Material supplied:
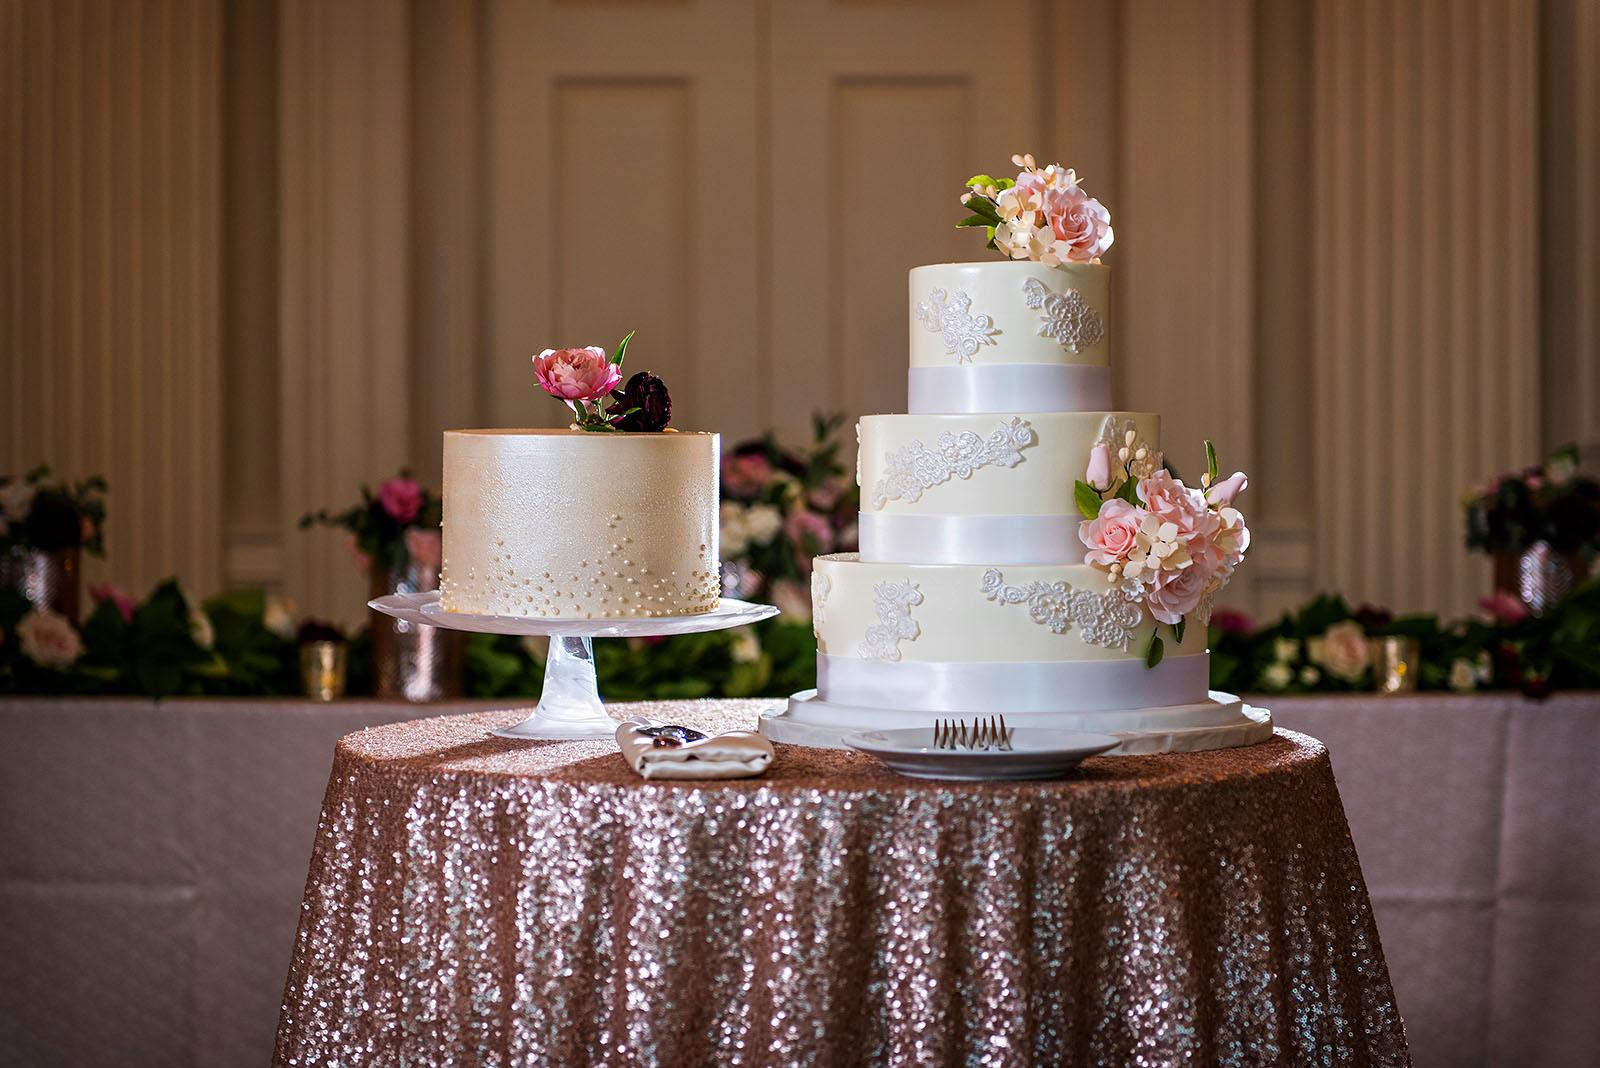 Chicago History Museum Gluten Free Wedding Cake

--

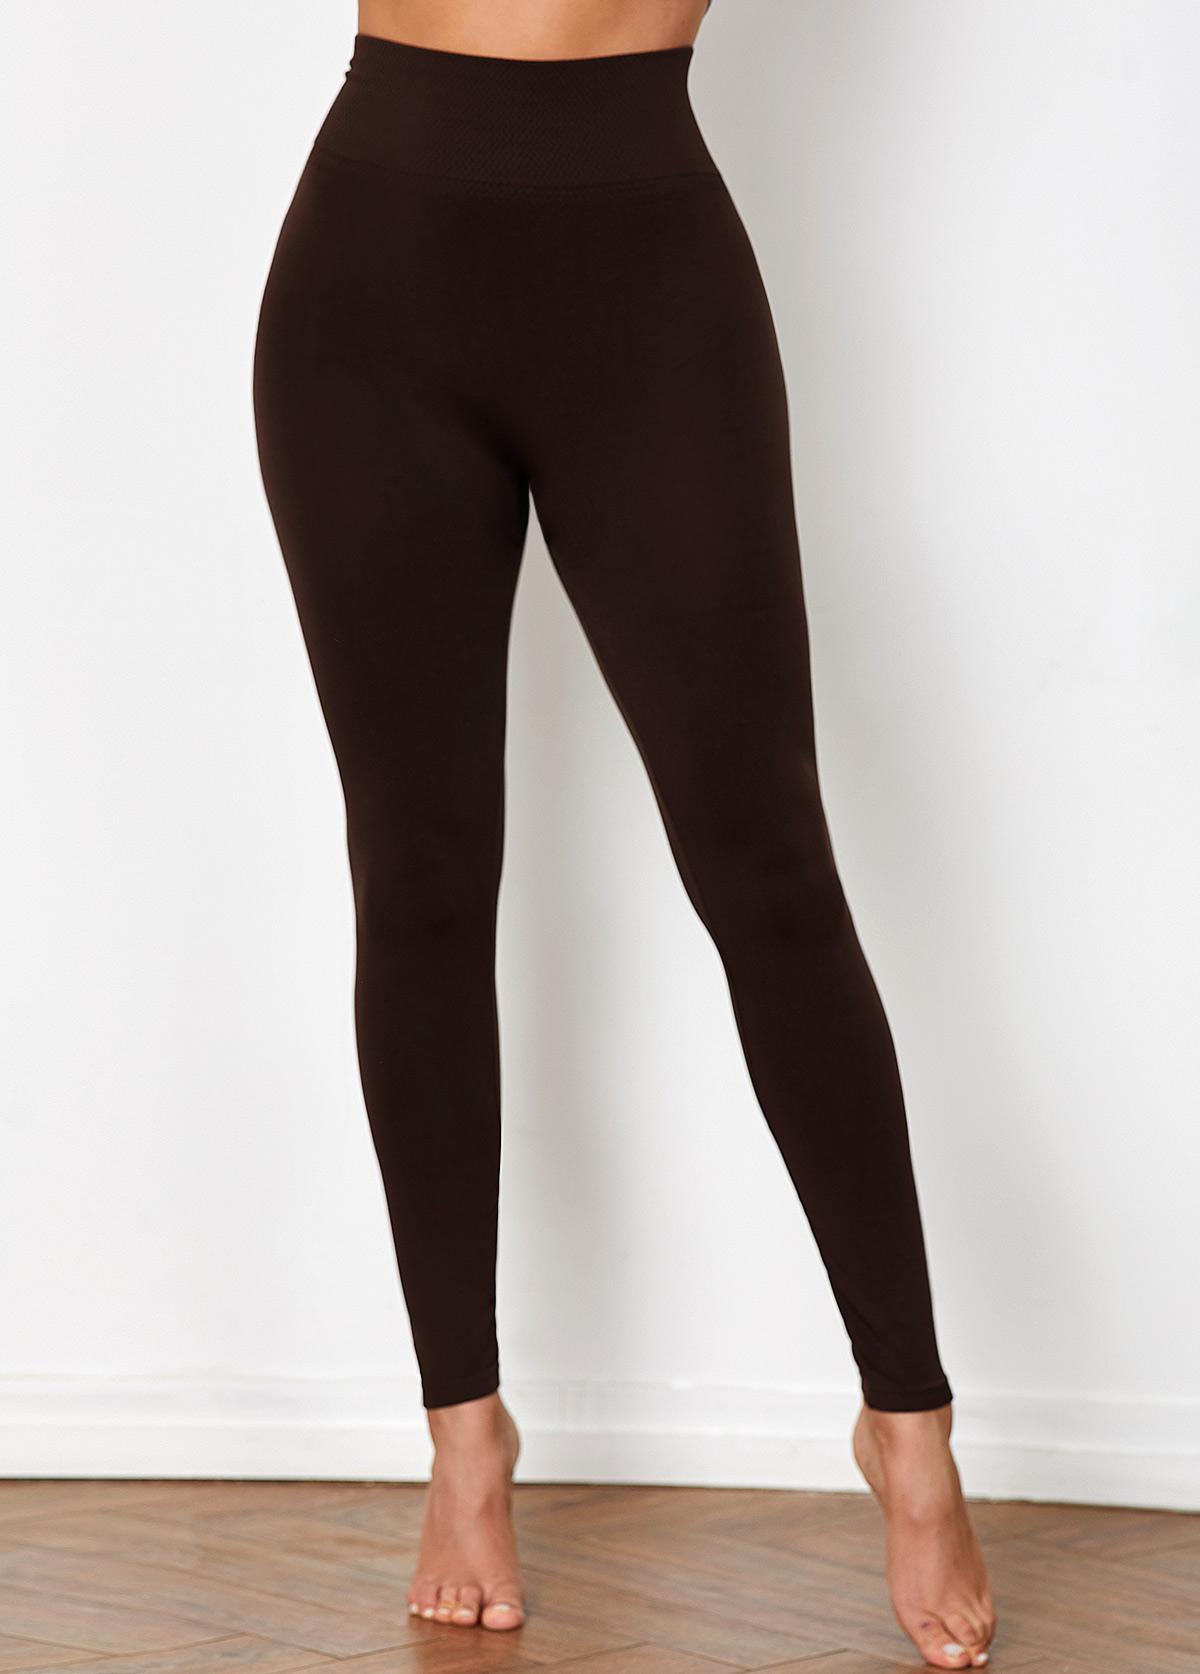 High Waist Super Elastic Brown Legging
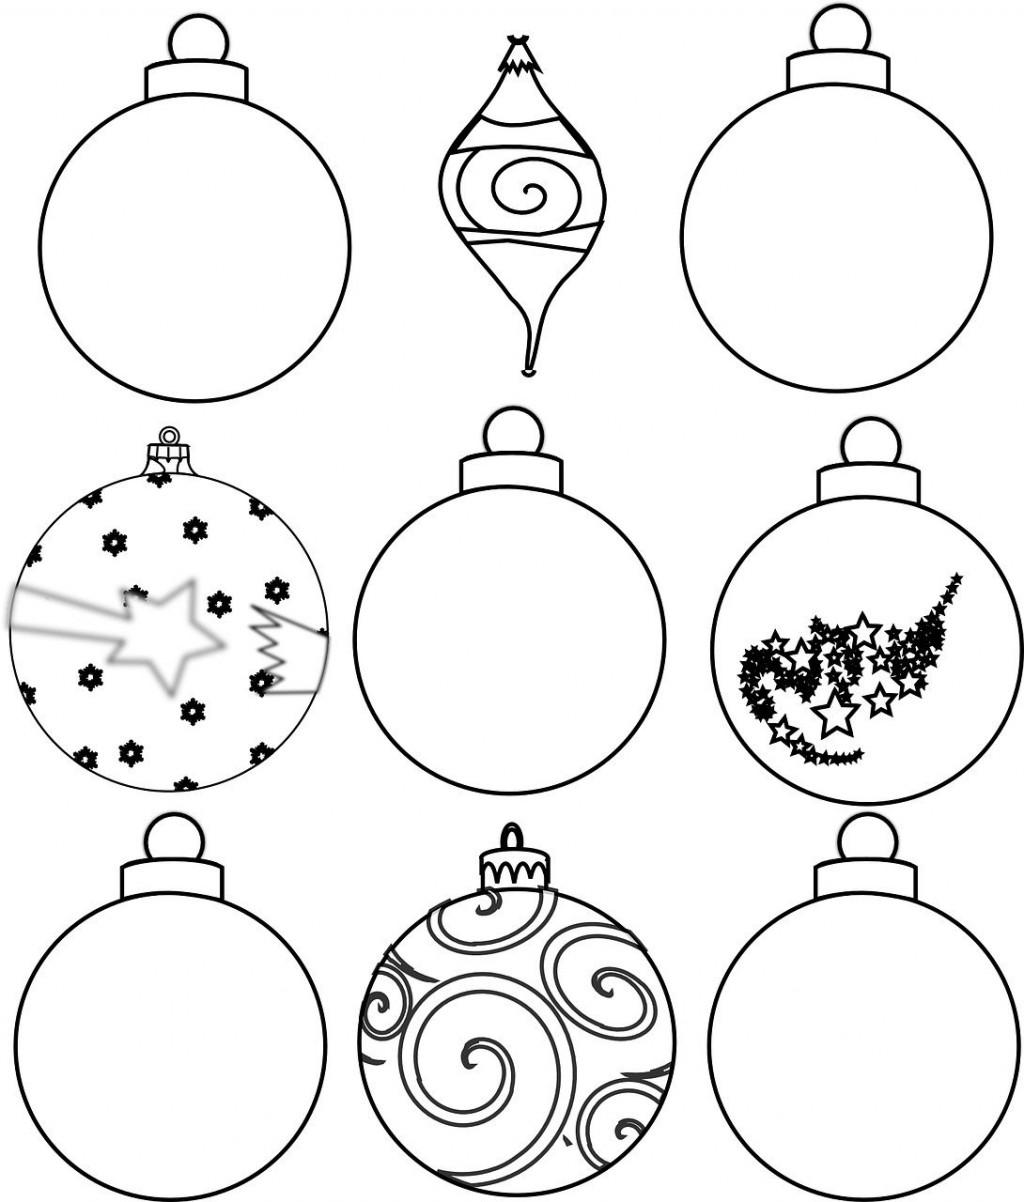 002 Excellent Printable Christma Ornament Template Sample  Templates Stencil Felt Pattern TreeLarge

Requirement:
Look above for the line with "High Waist Super Elastic Brown Legging", then print it and each line after it down to and including the line with "002 Excellent Printable". Leave out the pictures and keep the wording exact.

Reply:
 High Waist Super Elastic Brown Legging
 002 Excellent Printable Christma Ornament Template Sample  Templates Stencil Felt Pattern TreeLarge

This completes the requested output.